[DATA EXTRACTS]:

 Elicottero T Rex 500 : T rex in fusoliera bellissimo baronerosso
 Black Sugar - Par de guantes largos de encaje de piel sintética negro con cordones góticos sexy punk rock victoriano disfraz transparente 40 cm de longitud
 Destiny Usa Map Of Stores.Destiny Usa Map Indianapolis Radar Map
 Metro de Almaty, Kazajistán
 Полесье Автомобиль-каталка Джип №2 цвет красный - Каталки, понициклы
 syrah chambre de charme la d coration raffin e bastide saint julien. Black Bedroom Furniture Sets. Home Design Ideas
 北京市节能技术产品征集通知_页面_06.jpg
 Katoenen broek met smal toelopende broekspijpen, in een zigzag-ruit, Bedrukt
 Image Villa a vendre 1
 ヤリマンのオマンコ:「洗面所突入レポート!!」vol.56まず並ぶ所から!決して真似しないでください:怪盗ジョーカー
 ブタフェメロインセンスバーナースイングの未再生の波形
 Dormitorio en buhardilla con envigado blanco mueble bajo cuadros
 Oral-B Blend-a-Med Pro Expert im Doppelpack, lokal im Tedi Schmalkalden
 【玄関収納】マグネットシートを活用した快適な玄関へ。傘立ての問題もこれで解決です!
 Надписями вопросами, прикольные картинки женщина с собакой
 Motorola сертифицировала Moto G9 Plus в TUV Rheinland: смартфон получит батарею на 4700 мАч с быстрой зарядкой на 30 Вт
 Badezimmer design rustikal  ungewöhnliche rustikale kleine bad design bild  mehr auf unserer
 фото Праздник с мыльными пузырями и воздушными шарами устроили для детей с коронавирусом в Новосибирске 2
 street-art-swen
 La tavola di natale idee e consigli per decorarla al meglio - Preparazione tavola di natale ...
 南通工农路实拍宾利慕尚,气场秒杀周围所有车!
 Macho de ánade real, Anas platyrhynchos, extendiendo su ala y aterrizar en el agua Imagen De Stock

[ASSIGNED TASK]:
Set down exactly the lines above that run from the start of the listing to the line with "Badezimmer design rustikal". Leave out every later line.

[TASK OUTPUT]:
 Elicottero T Rex 500 : T rex in fusoliera bellissimo baronerosso
 Black Sugar - Par de guantes largos de encaje de piel sintética negro con cordones góticos sexy punk rock victoriano disfraz transparente 40 cm de longitud
 Destiny Usa Map Of Stores.Destiny Usa Map Indianapolis Radar Map
 Metro de Almaty, Kazajistán
 Полесье Автомобиль-каталка Джип №2 цвет красный - Каталки, понициклы
 syrah chambre de charme la d coration raffin e bastide saint julien. Black Bedroom Furniture Sets. Home Design Ideas
 北京市节能技术产品征集通知_页面_06.jpg
 Katoenen broek met smal toelopende broekspijpen, in een zigzag-ruit, Bedrukt
 Image Villa a vendre 1
 ヤリマンのオマンコ:「洗面所突入レポート!!」vol.56まず並ぶ所から!決して真似しないでください:怪盗ジョーカー
 ブタフェメロインセンスバーナースイングの未再生の波形
 Dormitorio en buhardilla con envigado blanco mueble bajo cuadros
 Oral-B Blend-a-Med Pro Expert im Doppelpack, lokal im Tedi Schmalkalden
 【玄関収納】マグネットシートを活用した快適な玄関へ。傘立ての問題もこれで解決です!
 Надписями вопросами, прикольные картинки женщина с собакой
 Motorola сертифицировала Moto G9 Plus в TUV Rheinland: смартфон получит батарею на 4700 мАч с быстрой зарядкой на 30 Вт
 Badezimmer design rustikal  ungewöhnliche rustikale kleine bad design bild  mehr auf unserer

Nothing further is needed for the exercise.